In this clinical case report, effects on bone remodeling and microarchitecture in an iliac bone biopsy were explored in a postmenopausal woman suffering multiple vertebral fractures after denosumab discontinuation. Using histomorphometry and μCT-analysis we found a thin rod-like trabecular bone network along with altered dynamic bone histomorphometry parameters compared to the reference populations.

While several case reports and observational studies have reported effects on systemic bone remodeling markers in serum and bone mineral density after denosumab discontinuation, only a few studies have investigated the local effects of stopping denosumab in bone specimens (Brown et al., 2011; Jahn-Rickert et al., 2020). In a recent clinical, observational study in osteoporosis patients, Jähn-Rickerts and colleagues (Jahn-Rickert et al., 2020) performed histomorphometric analyses of iliac crest biopsies collected from patients that had sustained vertebral fractures after denosumab discontinuation (n = 9) compared to treatment naïve patients (n = 11) and patients treated with denosumab (n = 23). They found significantly a lower trabecular bone volume and near-significant lower trabecular thickness values in the discontinuation group compared to the denosumab-treated group. Our results are generally consistent with these findings since our μCT-analysis revealed a BV/TV value close to the lower 95 % prediction band and trabecular thickness and trabecular separation both below the 95 % prediction bands of the reference population of healthy, non-osteoporotic women. In addition, we found that the trabecular number and the structure model index (a microstructural measure that quantifies the balance between rod-like and plate-like trabeculae) were above the 95 % prediction bands of the reference population. Taken together these results suggest deterioration of the trabecular bone microarchitecture.

Of note, one limitation of the study is the possible presence of a crush artifact indicated by the μCT 3D reconstruction, resulting from the compression of the biopsy.
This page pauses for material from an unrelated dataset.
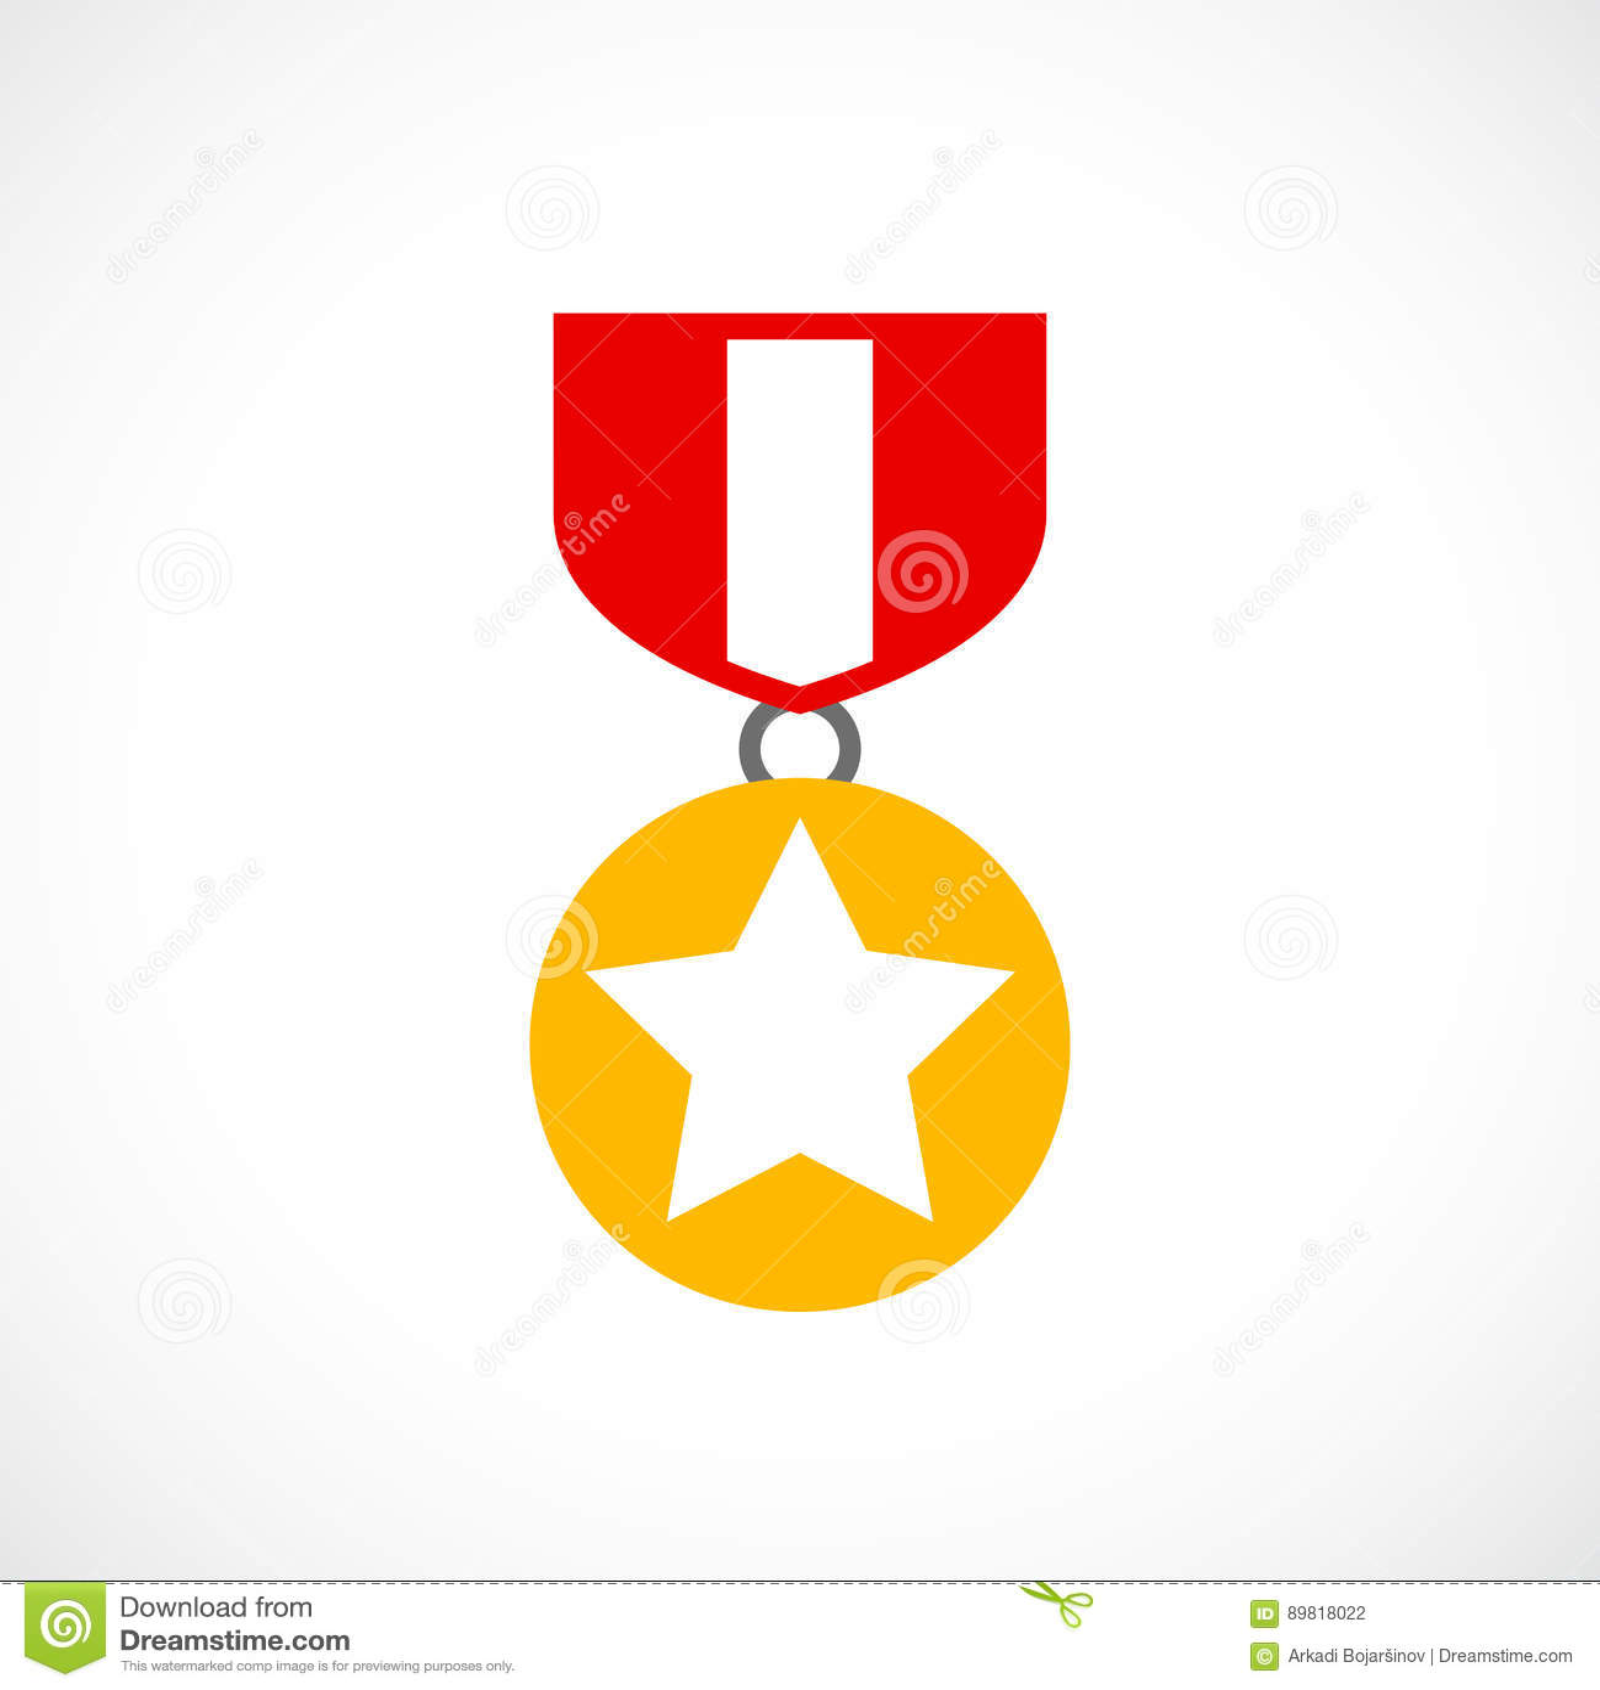 Award gold order icon

Still, the cellular composition in the bone marrow exhibits no signs of any crushing even though the μCT 3D reconstruction appears crushed. Such an artifact has the potential to influence the assessment of bone micro-architecture, leading to an overestimation in trabecular bone volume, trabecular number, and connectivity density, while underestimating trabecular separation. Despite this limitation, measures such as trabecular thickness, tissue mineral density, and SMI are not expected to be affected by the artifact. Moreover, if the BV/TV value was overestimated due to compression artifacts, the true BV/TV value would have been substantially below the lower 95 % prediction band. We found the connectivity density to be inside the reference range. However, if the biopsy had been crushed the connectivity density of the intact network would have been lower, which is consistent with the qualitative observation of small and disconnected trabeculae.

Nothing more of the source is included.